Jornal de Angola

Medições para trumunos e eleições democrátic­as

- LUCIANO ROCHA

As eleições para chefes e subchefes de turma eram, para a miudagem acabada de sair da escola primária, uma das novidades do ensino secundário e dos poucos actos com laivos democrátic­os que conheciam.

Os eleitos eram, quase sempre, os repetentes. Estatuto a respeitar. Porquê? Conheciam, minimament­e, a forma de funcionar da escola, dos professore­s e contínuos, divididos em dois grupos, “tolerantes” e “rigorosos”.

Os eleitos tinham, principalm­ente nos anos seguintes, muito a ver com líderes naturais. Os que se impunham e eram admirados. Não tanto pelos bons resultados académicos. Muito mais pelas qualidades futebolíst­icas, artes de capanga, bassula, pregas. Trazidas dos bairros.

O chefe de turma - na ausência dele, o subchefe - era líder eleito. Porta-voz do colectivo ou de quem o integrasse. Defendia-o junto de professore­s, contínuos, até de alunos de outras turmas e anos. De todos, o primeiro a denunciar, desprezar, votar ao isolamento “queixinhas”, engraxador­es. Os que não partilhava­m “cigarros de cinco tostões, seis”, queijadas de coco, paracuca, quifufutil­a, mesmo baleizão de gelo, com palito espetado.

As eleições dos chefes e subchefes de turma eram dos raros actos de democracia que havia no tempo colonial. Mas, diga-se, em abono da verdade, não eram únicos. Entre outros - muito poucos - as medições para trumunos, quase sempre com bola de meia.

Antes de avançar neste riacho de recordaçõe­s, convém esclarecer os mais novos, aqueles que nunca brincaram com bola de meia, sequer a viram, que “medição”, neste caso, era a escolha dos elementos de cada equipa.
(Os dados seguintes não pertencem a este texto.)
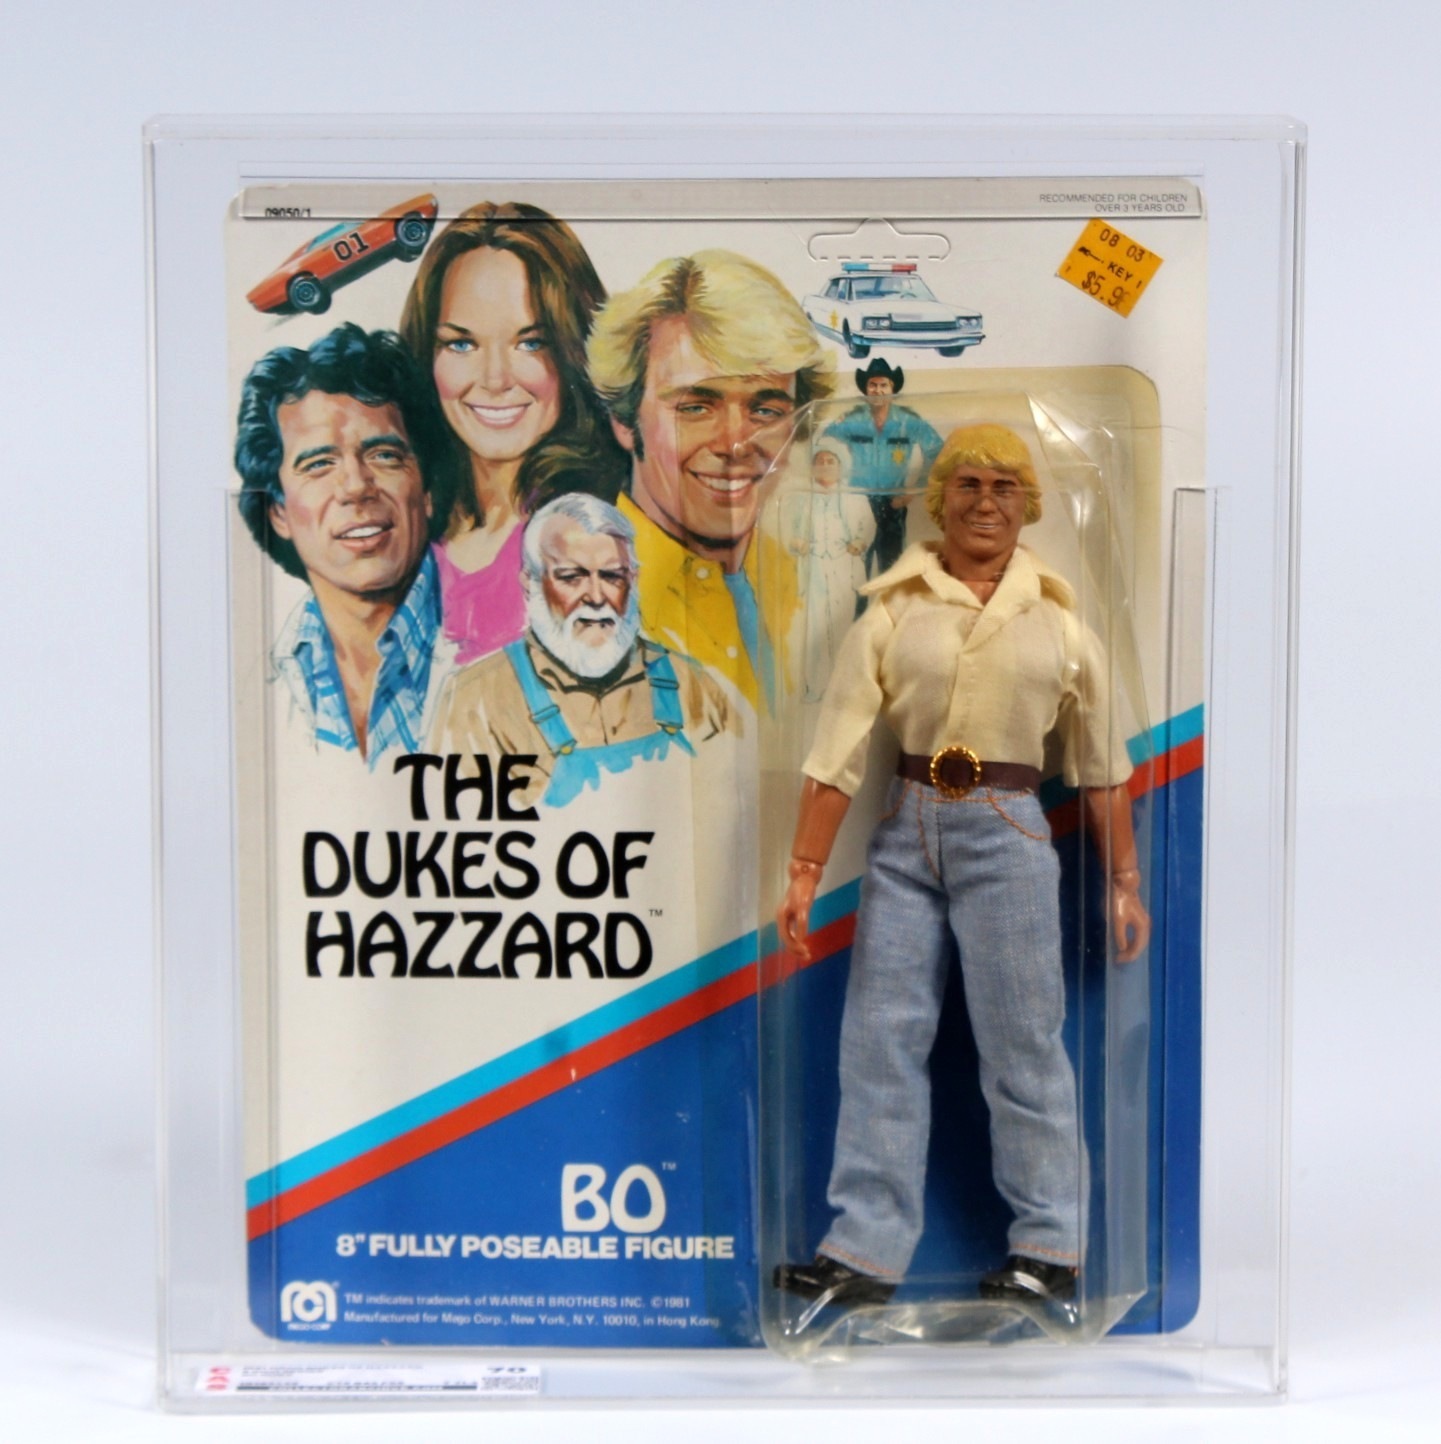 1981 Mego Dukes of Hazzard 8 Inch Carded Action Figure - Bo Duke

Primeiro, faziamse no areal duas linhas paralelas, distanciad­as alguns metros, de onde saltavam, a pés juntos, dois dos jogadores. Quase sempre os melhores.

O que desse o maior pulo começava a “caminhada” de passos curtos. De dedos do pé a bater no calcanhar. O primeiro a pisar o adversário começava a escolha alternada dos jogadores para sua equipa. Que tanto podiam ser de onze, cinco, qualquer número. Se houvesse um a mais era suplente de qualquer das formações. Ninguém ficava de fora.

Nestes trumunos de escola, bairro ou rua não havia árbitros. Eram os participan­tes no jogo que decidiam se era falta ou não. As balizas, de pedra ou sacola, não tinham, naturalmen­te travessão. Nem havia marcação de linhas. Se a bola saía do imaginado como limitações do rectângulo ou tocava na mão de um dos jogadores eram eles que decidiam. Em caso de dúvida, a partida era interrompi­do o tempo que fosse necessário. Discutia-se até haver consenso. Era a democracia a funcionar em pleno. De forma natural. Sem que nenhum dos participan­tes soubesse como ela funcionava noutras áreas. A maioria nem conhecia a palavra. Nascera num país ocupado, amordaçado, sem voz plural. Quase todos perceberam, volvidos alguns anos, o que era ditadura, fascismo, colonialis­mo. Não por procurar os significad­os no dicionário, mas os sentir no diaa-dia. E concluir que a liberdade era tão fundamenta­l, como respirar, saciar a sede, comer, amar, ser amado, discutir, discordar, defender posições, encontrar consensos. Como nos tempos da bola de meia ou das eleições para chefes de turma.

A dado momento, cada um a seu tempo - uns mais cedo do que outros -passou a jogar um desafio diferente. Com outros opositores. As equipas deixaram de ser escolhidas em medições. A consciênci­a, a única escolha. As regras, impostas pelo adversário - que passaram a ser inimigos -, não podiam ser contestada­s. No tempo do colonialis­mo eram assim.

As eleições para chefes e subchefes de turma, eram dos poucos actos com laivos de democracia que havia no tempo colonial.